Он немного помолчал, словно и сам задался тем же вопросом. И неожиданно обезоруживающе улыбнулся.
– Человек. Чего ещё? Что бы я ни сказал, это будут только слова, не так ли? Что есть слово? Всего лишь звук, привычный слуху. Если в нём и заключена суть, то лишь самая малая её часть. Истина познаётся не в словах, а на деле. Но если на окнах плотные ставни, в комнату не проникнет свет. Слепому бесполезно показывать чёрное или белое – он их не различит. И глухому напрасно кричать – он не услышит. А неграмотному бессмысленно давать книгу. Ты спрашивал, как я всё это делаю? Значит, ты хочешь понять. Но боишься, потому что ещё не готов. Твои ставни только приоткрыты, а сквозь узкую щель комнату светом не наполнишь.
– Что же мне делать? – меланхолично спросил я, тупо уставившись в переплетение ветвей, сомкнутых на том самом месте, где только что я рассматривал до невозможности реальные кадры своей жизни.
– Пойдём со мной. Но я не обещаю лёгкой дороги.
– Разве у меня есть выбор?
– Выбор всегда есть. Но, если ты пойдёшь со мной, должен выполнить одно условие: не говорить ни с кем о мире, из которого ты пришёл и о том, что ты знаешь. Человек не должен знать больше того, чем ему положено на определённом отрезке времени.
– Почему? Разве не в знании сила? – кисло пошутил я.
– Иногда ещё и гибель, – серьёзно ответил он. – Самый простой пример – изобретение оружия.
Возразить было нечего. Да и не хотелось. Отчаянно захотелось затянуться, пусть самым дерьмом, хоть Беломором. Я отломал какую-то тоненькую веточку, яростно зажевал. Ветка оказалась на вкус противно-прогорклой, и моя физиономия непроизвольно скорчилась, я сплюнул.
– Это тебе больше не нужно, Илия… – сказал мой новый знакомый и, ободряюще улыбнувшись как старому приятелю, забрал горькую ветку, выбросил в кусты.
Хорошее имя: Илия… – Он произносил мой имя с восточной напевностью, и потому оно звучало немного иначе, как-то странно для слуха. – Тебе очень подходит.

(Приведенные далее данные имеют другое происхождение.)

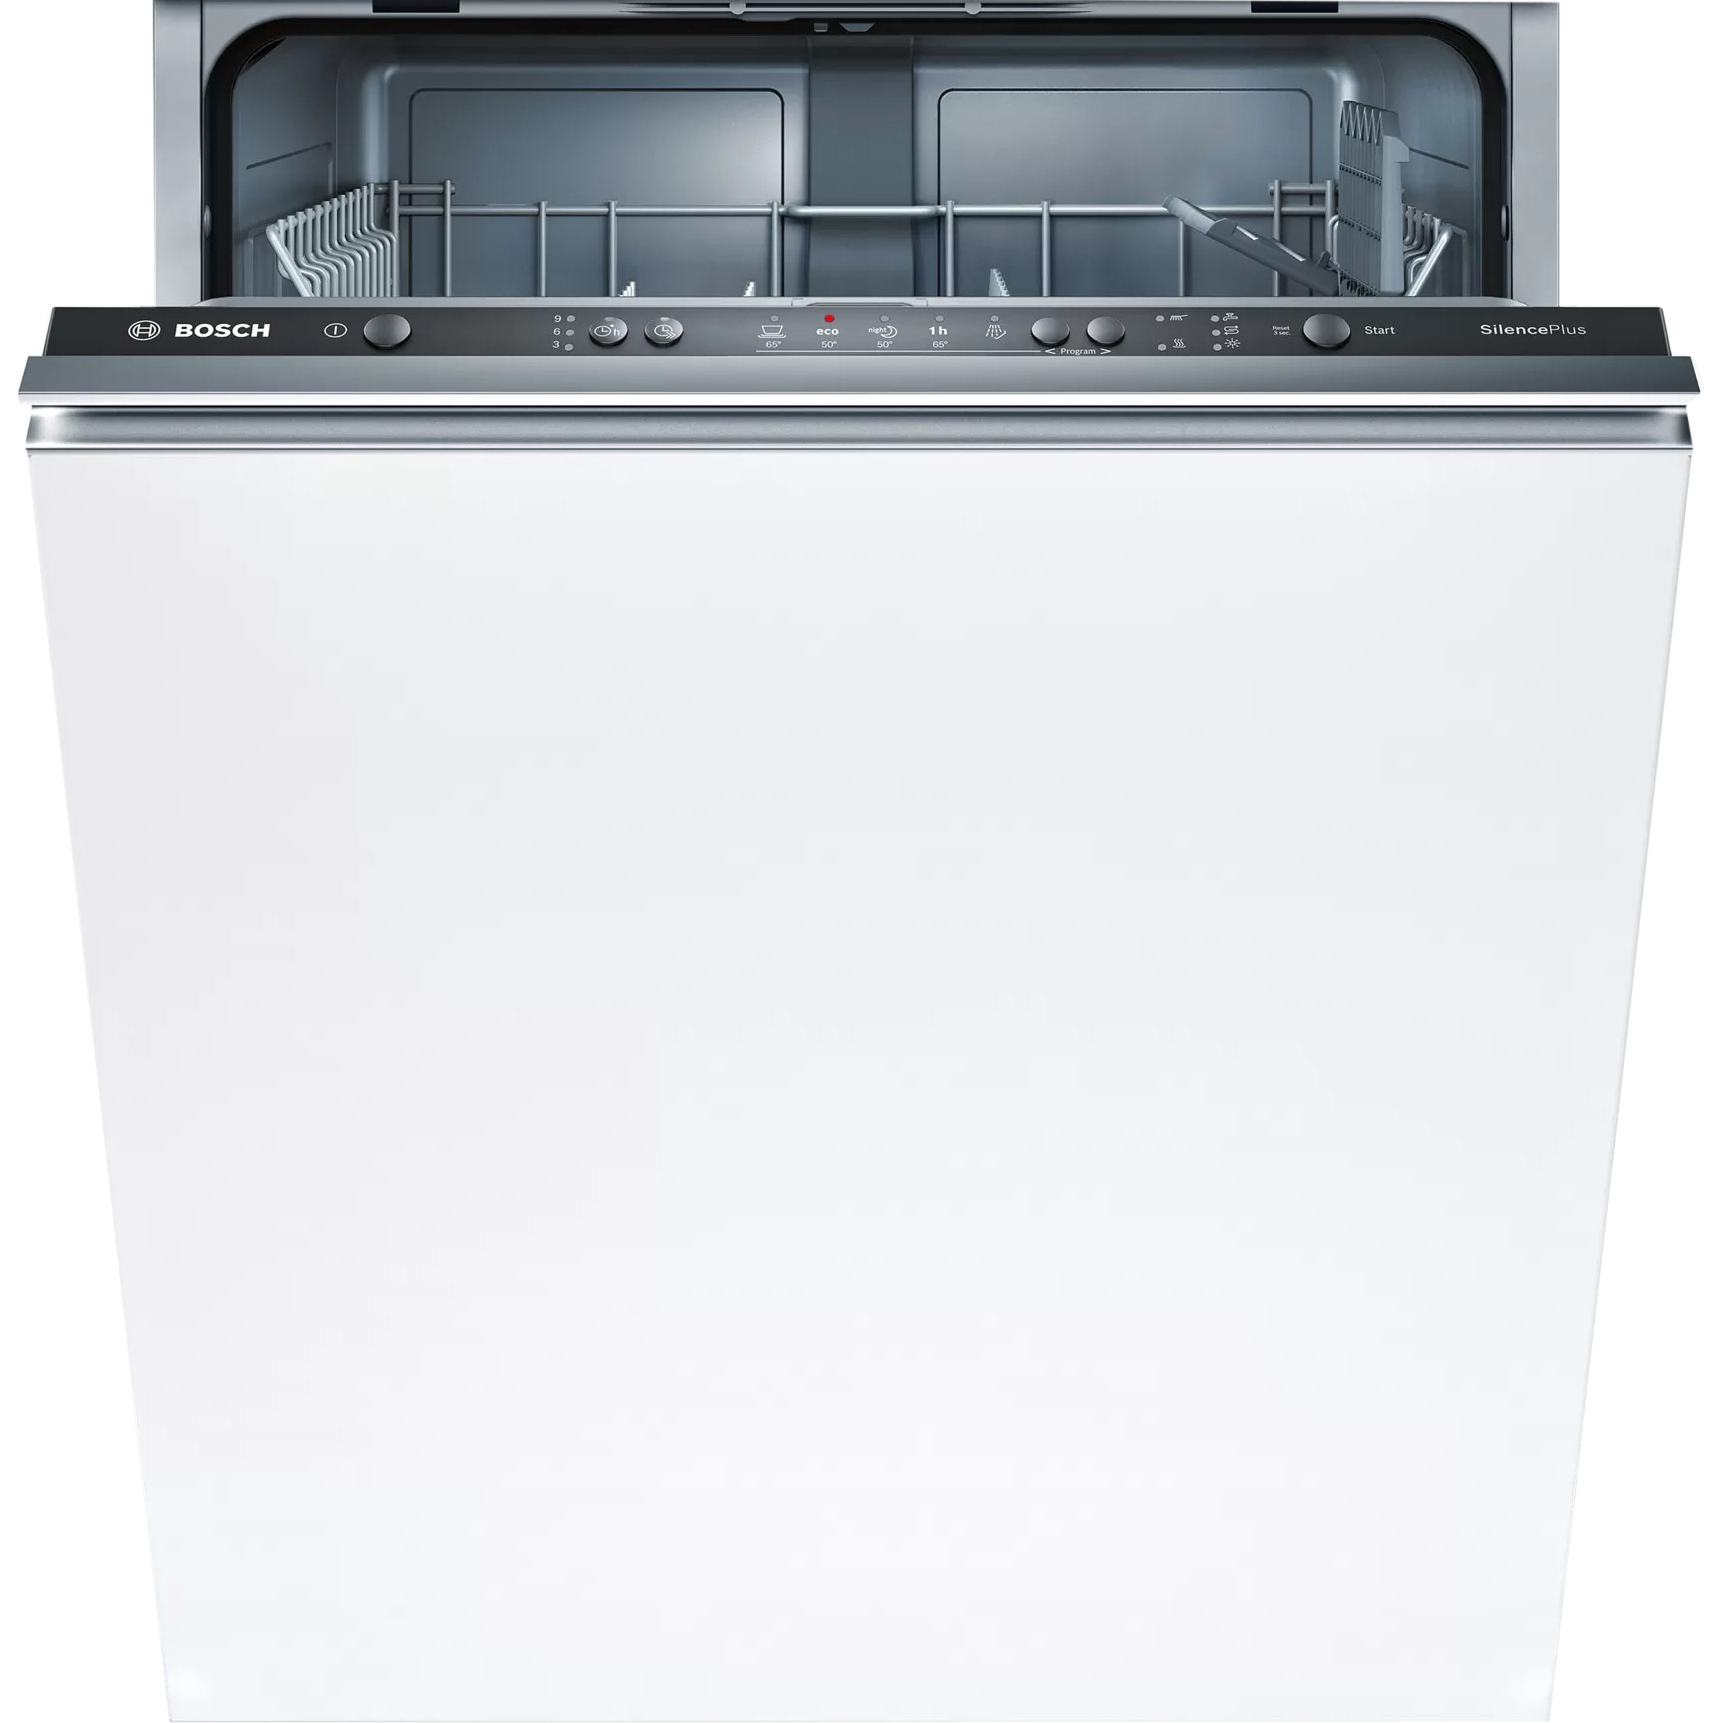 Встраиваемая посудомоечная машина Bosch SMV25AX01R, цвет белый - фото 1

Я оторопело проводил полёт ветки, с немым вопросом уставился на своего собеседника, но он встретил мой выжидающий взгляд с прежней невозмутимостью. Я не стал спрашивать, откуда ему известно моё имя. Я вдруг перестал удивляться, то ли оттого что смирился с неадекватностью происходящего, то ли потому что в человеческом организме на всё заложен лимит, в том числе на удивление, и мой исчерпал себя, похоже, надолго. И почувствовал относительное облегчение. Мы сумасшедшие? Ну и прекрасно. От разума одни проблемы. Мучительное чувство тревоги, преследовавшее меня несколько кошмарных часов, схлынуло, оставив на песке сознания ровную незамутнённую полосу, на которой можно было начертать что-нибудь новое.
Я понял, что мне уже не хочется курить.
Солнце ушло спать, и на долину хлынула тьма, а заодно с ней пожаловал промозглый ветер – форменное издевательство после обжигающего дневного суховея.
– Скоро придём к костру, – сказал мой спутник, вновь проявив телепатический дар, – согреешься.
– А тебя-то как зовут? – поинтересовался я, имея в виду, что моё имя каким-то образом ему известно.
– Называй меня Равви.
– Слушай, а что это за придурки в касках и с копьями ходят повсюду?
– Римские солдаты.
– Что они здесь делают?
– В ваших школах не преподают историю?
Не очень-то хорошо отвечать вопросом на вопрос, но у Равви это не прозвучало ни невежливо, ни заносчиво. Недоумённо.
– Историю… – хмыкнул я. – Какую? В своей бы разобраться…
– Историю нельзя делить на свою и чужую. История одна – человечества. Чем скорее люди поймут это, тем лучше.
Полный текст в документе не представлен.